• **SUPPLIED RECORDS**

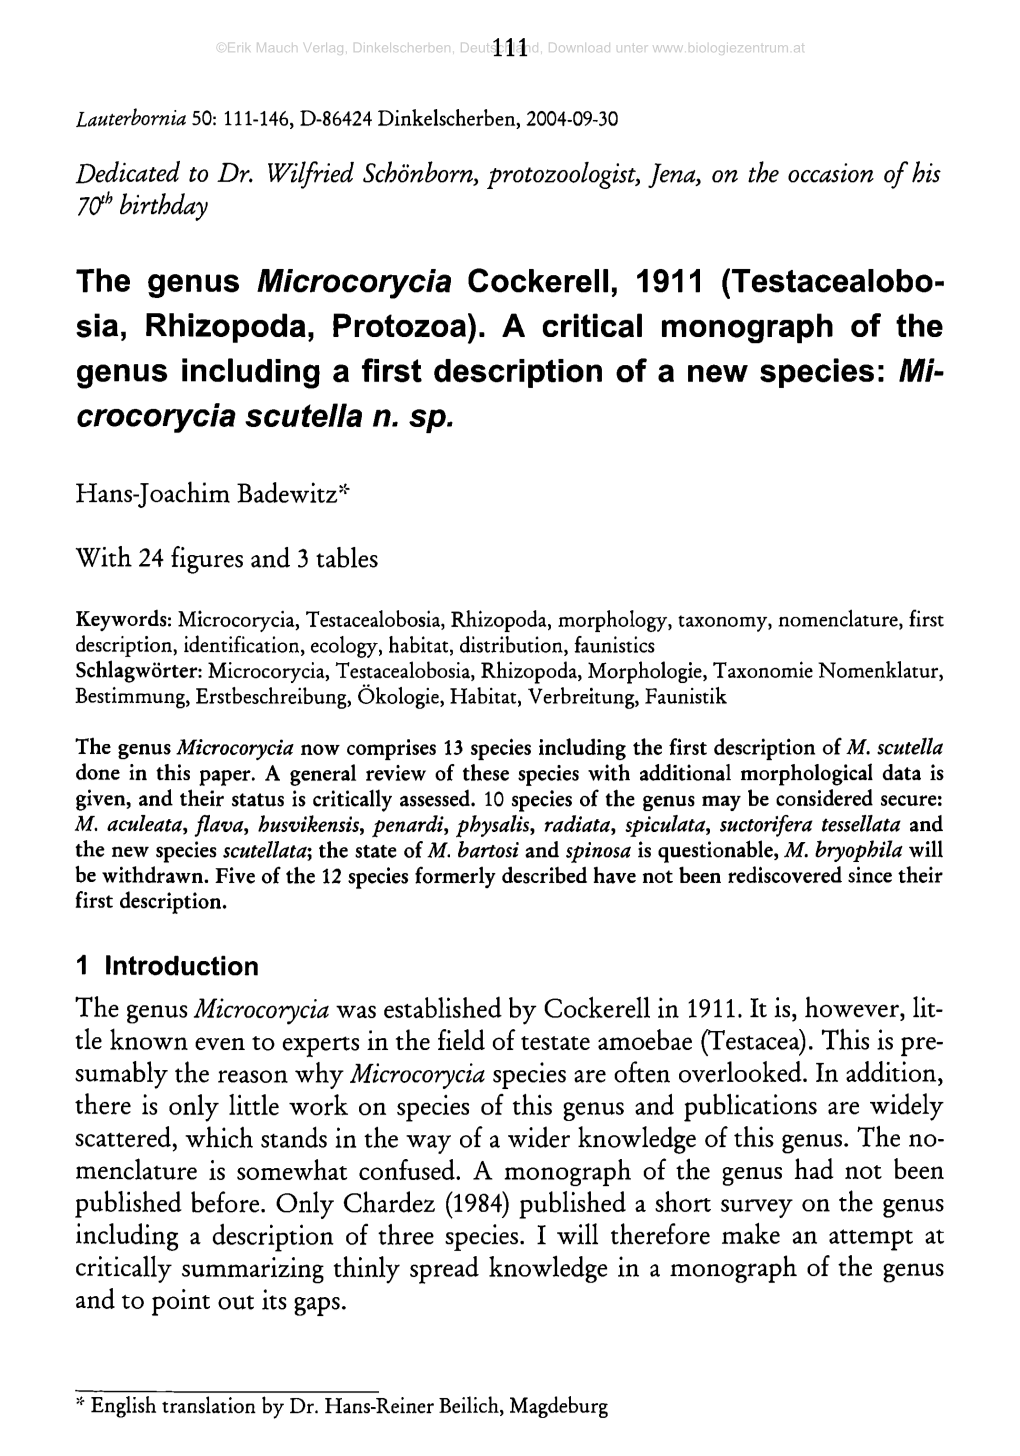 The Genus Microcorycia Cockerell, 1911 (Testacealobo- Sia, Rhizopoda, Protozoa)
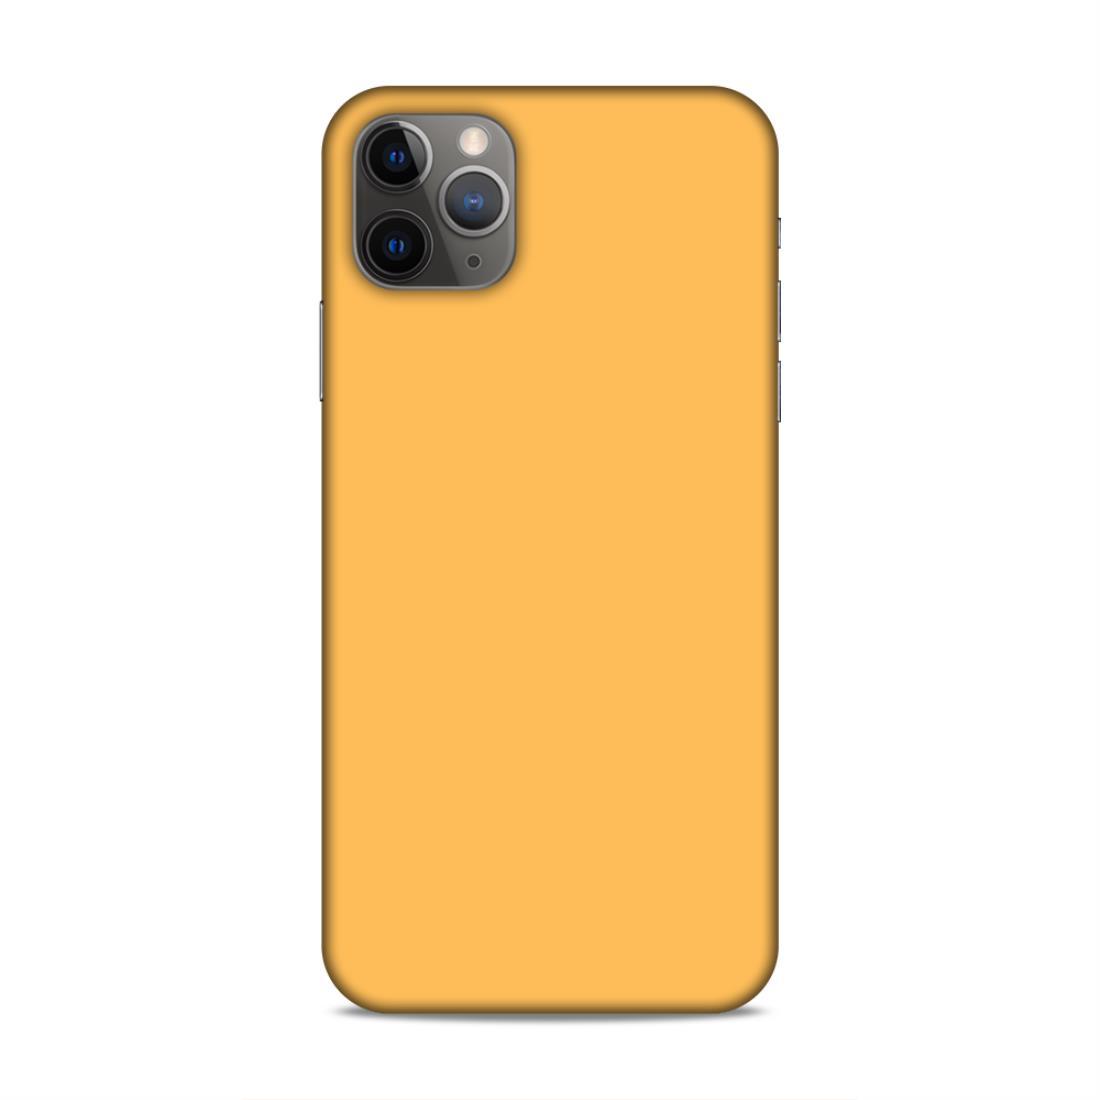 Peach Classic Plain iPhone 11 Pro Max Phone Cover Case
--
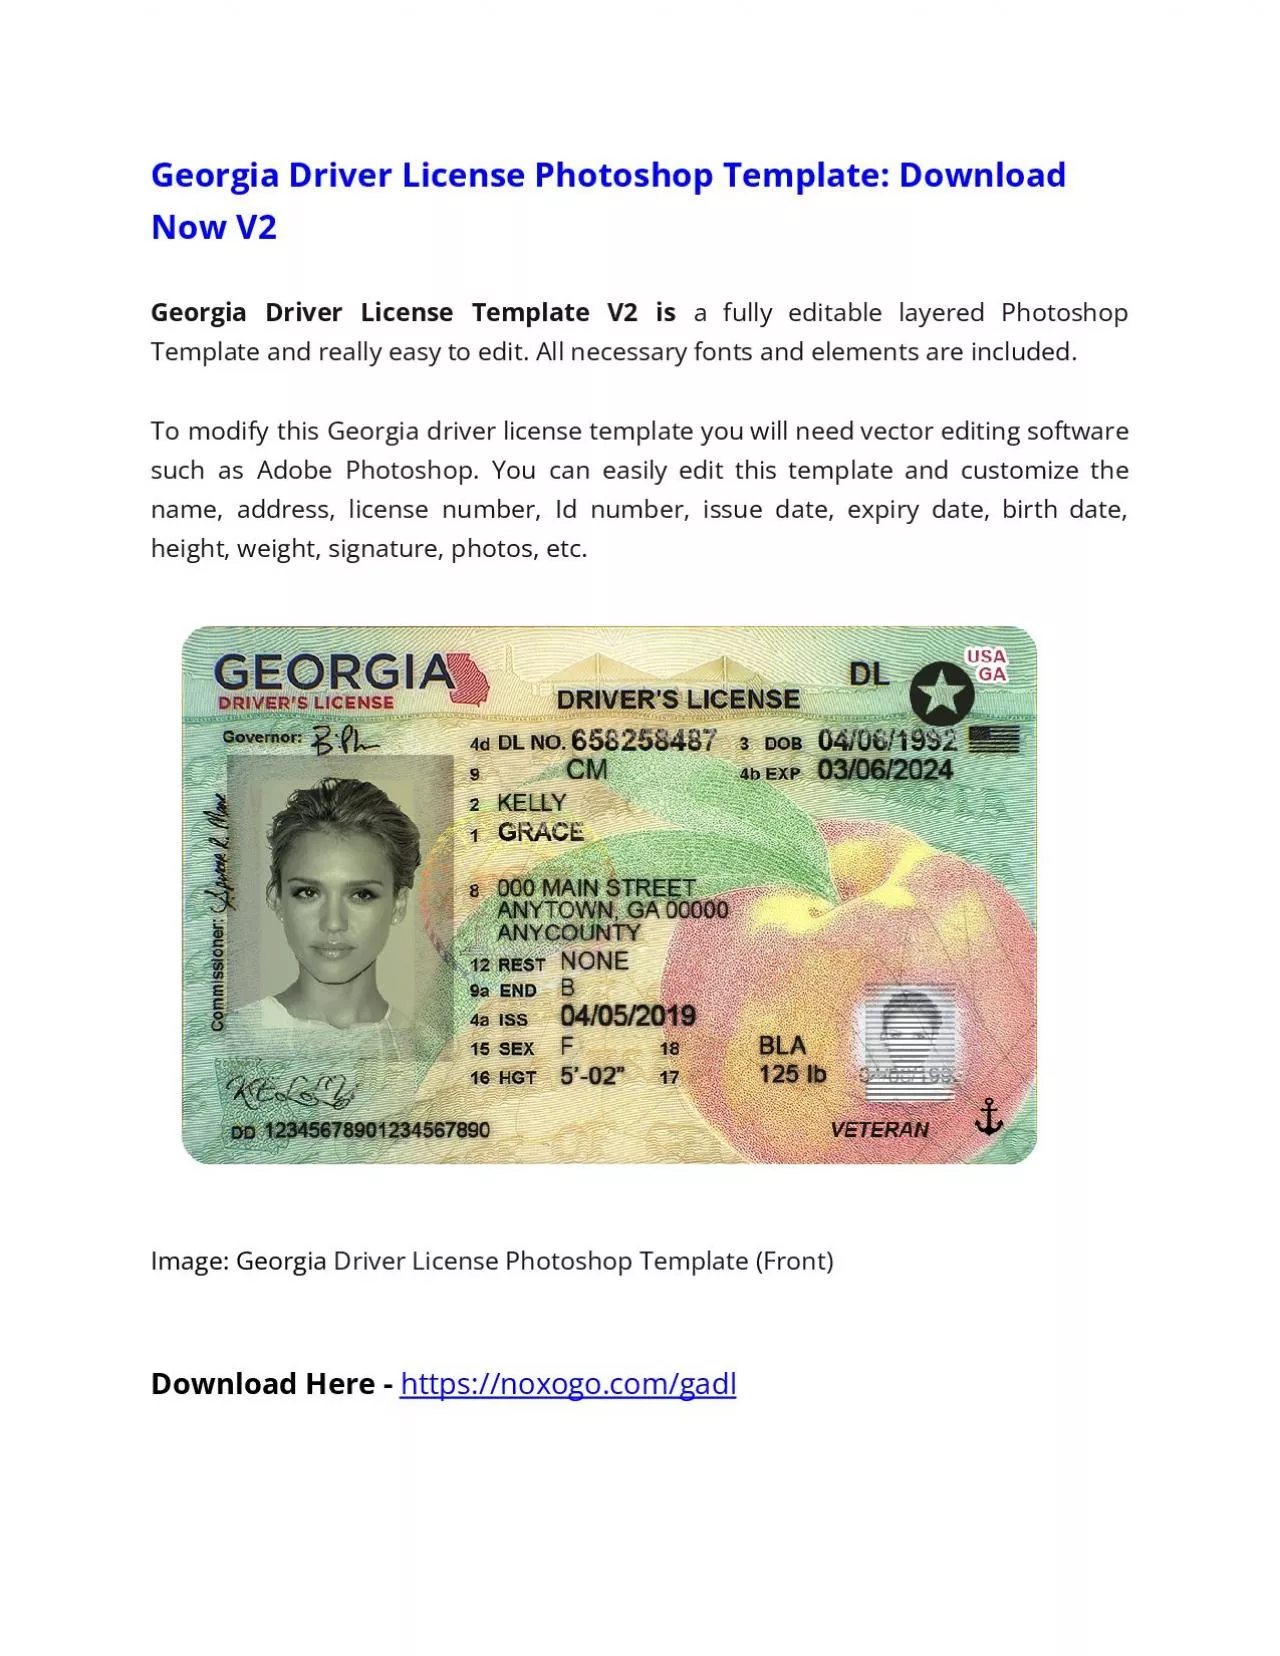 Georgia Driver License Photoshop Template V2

• **WHAT TO WORK ON**
Range to copy from the records above: the line containing "The Genus Microcorycia" to the line containing "Peach Classic Plain", both included. Output those lines exactly and only those, skipping pictures.

• **RESULT BELOW**
 The Genus Microcorycia Cockerell, 1911 (Testacealobo- Sia, Rhizopoda, Protozoa)
 Peach Classic Plain iPhone 11 Pro Max Phone Cover Case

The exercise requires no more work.